Non importava nemmeno che, apparentemente, non avesse un cognome. I domestici la chiamavano Mam’zelle e tenevano per sé le proprie opinioni sul suo passato. Non doveva avere più di trent’anni e sembrava anche molto più giovane con la sua corporatura sottile, quasi da ragazzo, i grandi occhi scuri e i lineamenti che in un’altra donna si sarebbero potuti definire da elfo, sotto la massa di capelli castani legati sulla nuca.
Ma nessuno avrebbe potuto dire che Mam’zelle sembrava un elfo. Non quando un lieve sorriso le sfiorava la bocca. Non quando i suoi occhi castano scuro suggerivano tragedie che i domestici potevano solo immaginare. Non quando riservava un’espressione di gioia e di affetto al cucciolo nero che dormiva placidamente ai suoi piedi accanto all’enorme sedia.
Ghislaine sapeva che cosa pensavano di lei e ne era contenta, poiché non aveva altro nella vita. I domestici erano diffidenti, sospettosi e gelosi. Ma non le auguravano del male e questo le bastava. Appoggiò la testa allo schienale e sentì la tensione dei muscoli, ma era incapace di allentarla. Nell’ultimo anno era stata più vicina di quanto avesse mai osato sperare a una sensazione di pace. L’Inghilterra era il paradiso, la cucina di Ainsley Hall un rifugio sicuro dove tutto era ordinato e previsto, le salse non impazzivano mai, gli arrosti non bruciavano, le persone non erano mai torturate, massacrate e…

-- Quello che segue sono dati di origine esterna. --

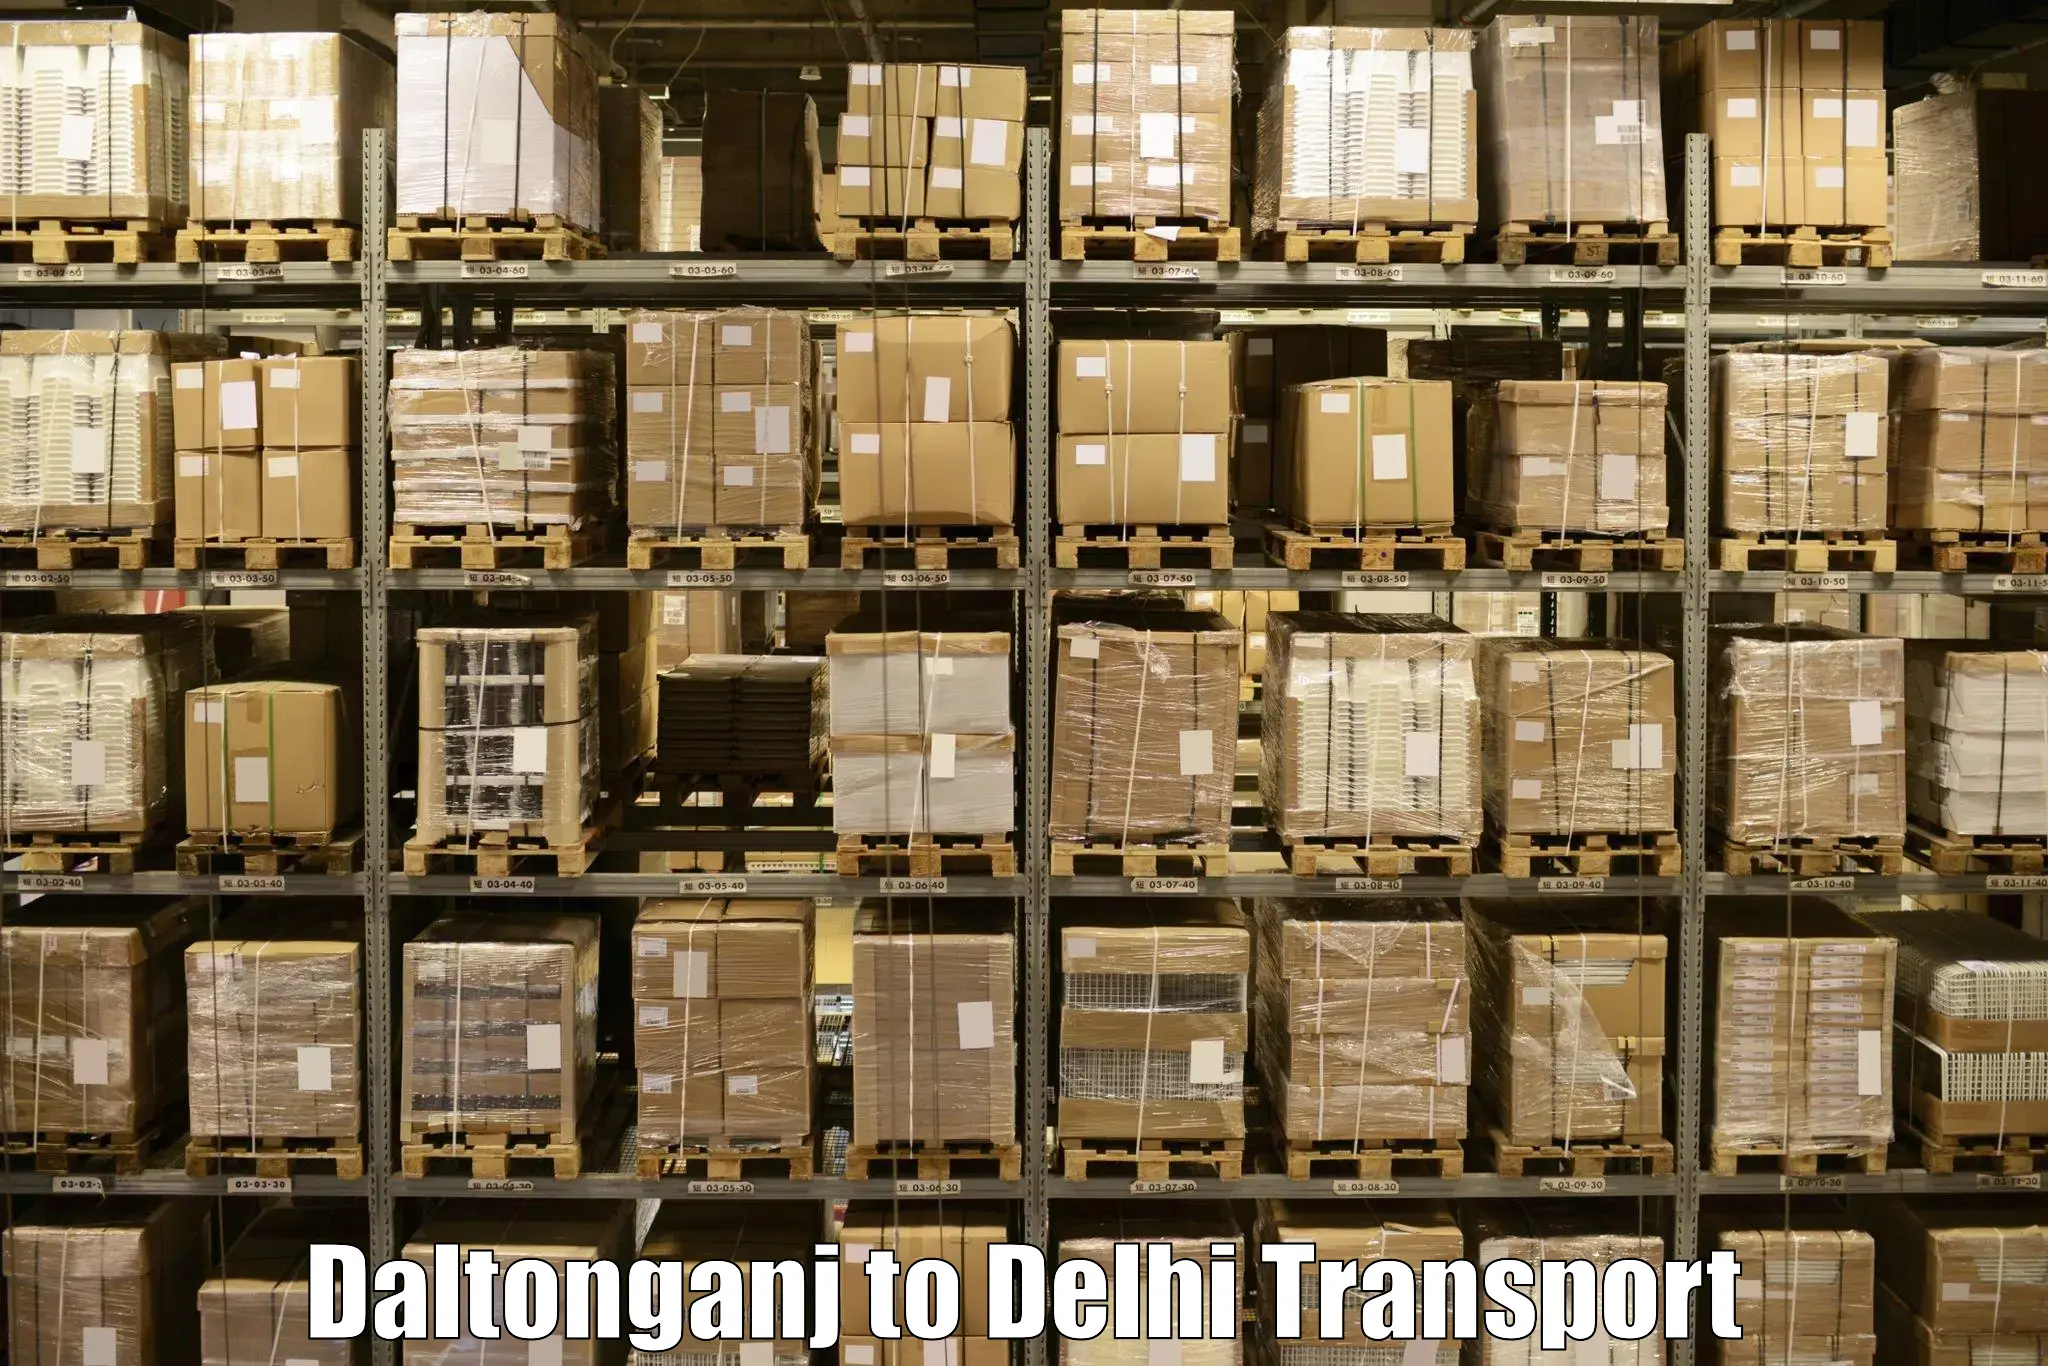 Commercial transport service Daltonganj to IIT Delhi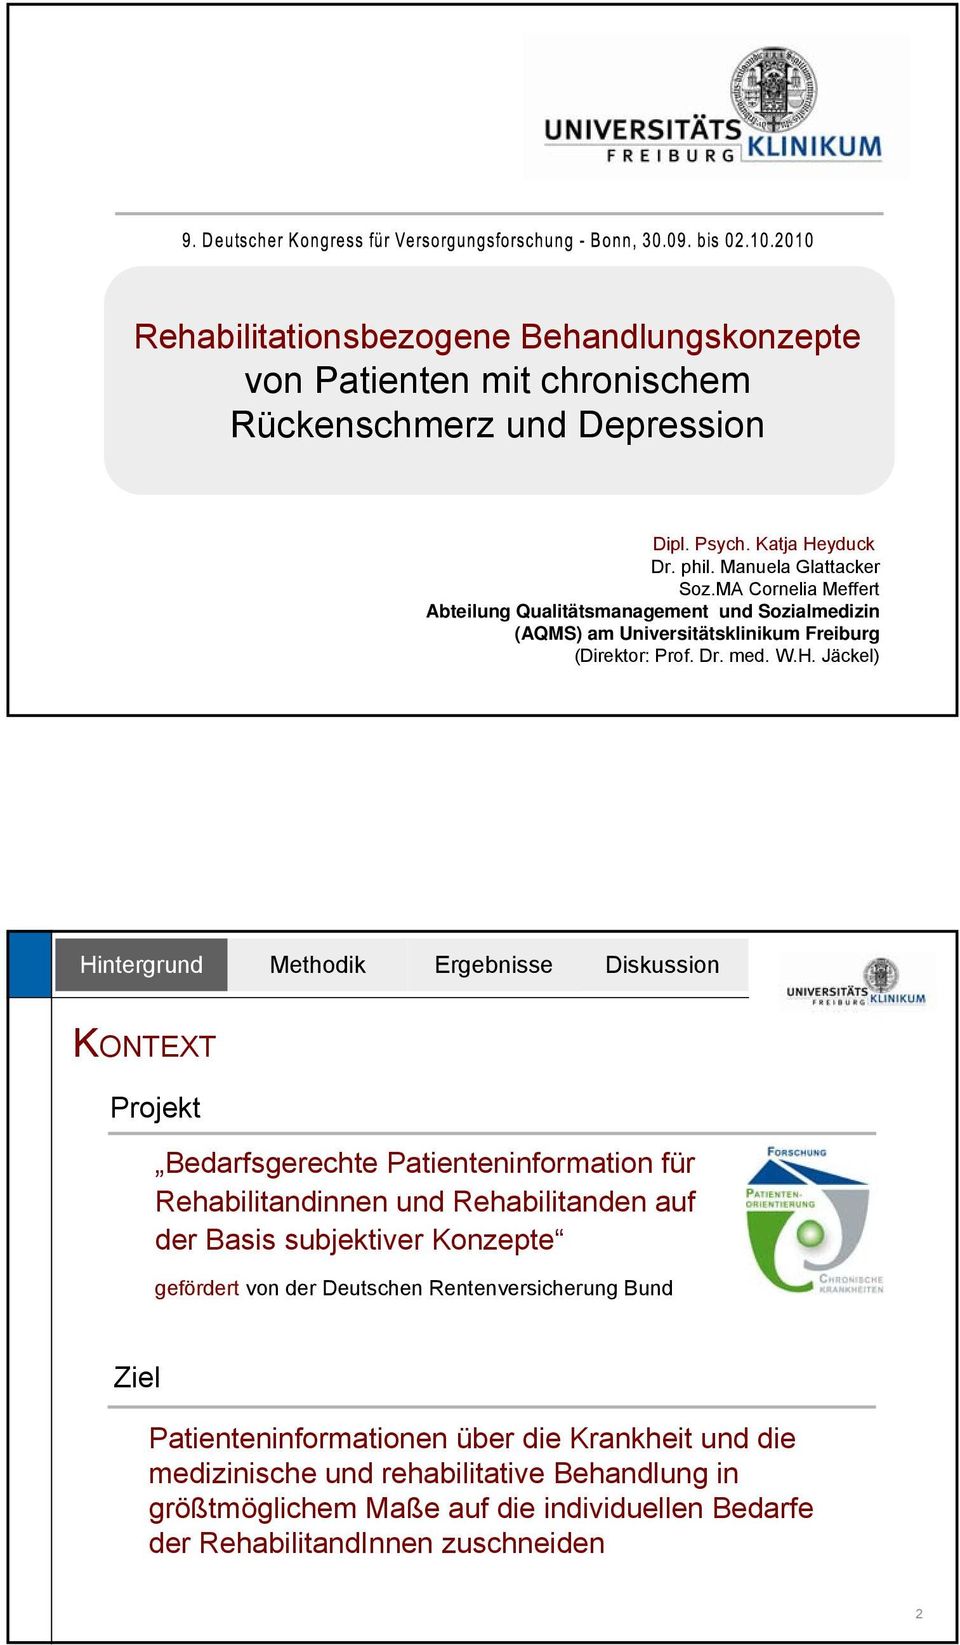 Jäckel) KONTEXT Projekt Bedarfsgerechte Patienteninformation für Rehabilitandinnen und Rehabilitanden auf der Basis subjektiver Konzepte gefördert von der Deutschen

Scosse il capo tendendo l’orecchio al silenzio che la circondava. Se almeno il destino non ci avesse messo mano ancora una volta! Pensava di meritare la pace duramente conquistata. Eppure per anni aveva pregato per una cosa sola. Non per la felicità, non per l’amore, non per le comodità o per l’amicizia.
Aveva pregato per la vendetta. E allora, che diritto aveva di lamentarsi se il destino aveva finalmente risposto alle sue preghiere?
Ainsley Hall aveva ventisette camere da letto, una sala da ballo, sei salotti di varie ampiezze e per varie occasioni, quattro sale da pranzo, tre stanze di servizio, dodici sale da intrattenimento con passatempi diversi, e le cucine. In una di quelle ventisette camere da letto dormiva l’uomo che Ghislaine aveva giurato di uccidere.
Sarebbe stato semplice trovare la sua camera e andare da lui con uno dei coltelli della cucina. Sapeva come squartare montoni e tagliare quarti di bue; aveva braccia sufficientemente muscolose. Certo non sarebbe stato più faticoso infilzare un uomo vivo, solo perché respirava. Un taglio alla giugulare e avrebbe realizzato l’aspirazione della sua vita.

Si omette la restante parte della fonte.